I swerved to avoid another pothole that was deep enough to rip a wheel off. 'If there's something a wealthy Russian loves to spend his money on, apart from bling, powerboats and football clubs, I bet it's bits of old Roman bric-a-brac.'


Mansour bristled. 'The alabaster bust in my house is of Septimus Severus. It is one of a pair. The other one is at the Capitol Museum in Rome. On the black market, it would fetch millions.'


It explained a lot, not least the Q7, the briefcase of cash and the curious symbols I'd noticed on the sat nav's map display. Mansour had marked the location of these out-of-the-way archaeological sites. Nice work if you could get it. It almost made me wish I'd paid more attention at school.


Mansour turned and looked directly at Lynn. 'I was only ever prepared to sell things that didn't matter – a late classical statuette here, a bust from the Hellenistic era there. These things are two-a-penny, Al-Inn. You know that. But they always want more.'


'It's a Russian thing,' I said. 'Old habits die hard.'


He turned and watched the road. 'Some of my former contacts are still in the military and the GRU. Some now work for the FSB and Russian arms manufacturers.
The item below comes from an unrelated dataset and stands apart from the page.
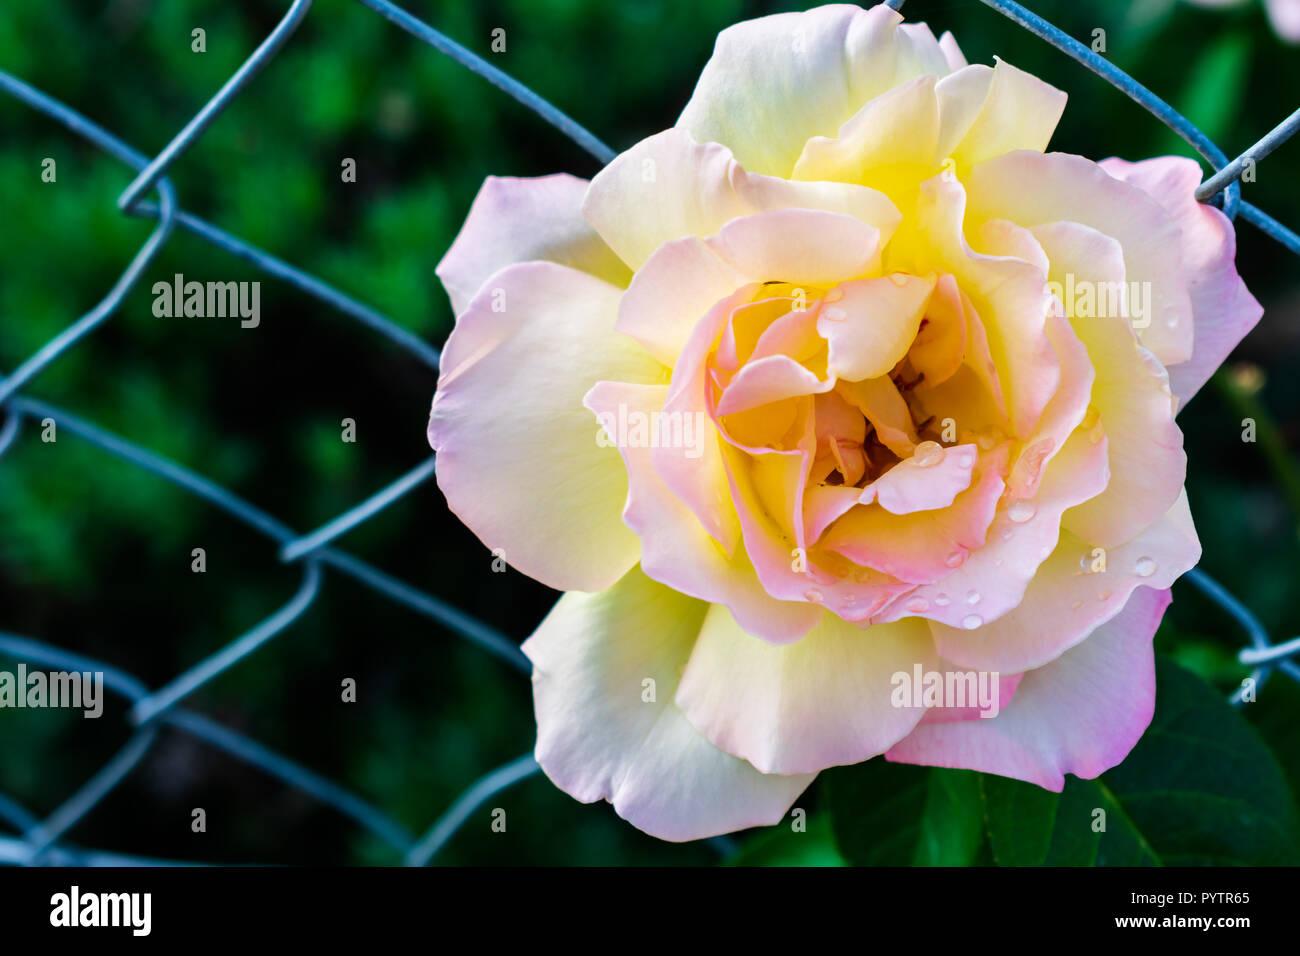 Rose in Weiß Rosa mit Tropfen Wasser wachsen durch einen Zaun Stockbild

Many of them have a great deal of money. They also have some powerful friends.'


No surprises there. The Russian mafia were everywhere. 'What did you do that means you have to sleep with a weapon?'


Mansour sighed. 'There were certain treasures, like the Severus bust, that I am not prepared to sell. They should remain in Libya. But the people you speak of are putting me under a great deal of pressure. Their clients – some of them well-known public figures – these men are extremely powerful, and they want only the very best. When they set their eye on something, they will stop at nothing to get it. I have started to become . . . nervous . . . There is no one I can turn to here. I needed the advice – the help – of someone I could trust.'


'So you decided to call Lynn?'


Mansour didn't answer. Something on the dead-straight stretch of road ahead had caught his eye. It had also caught mine.


Half a mile away, shimmering in the morning sunlight, was a checkpoint.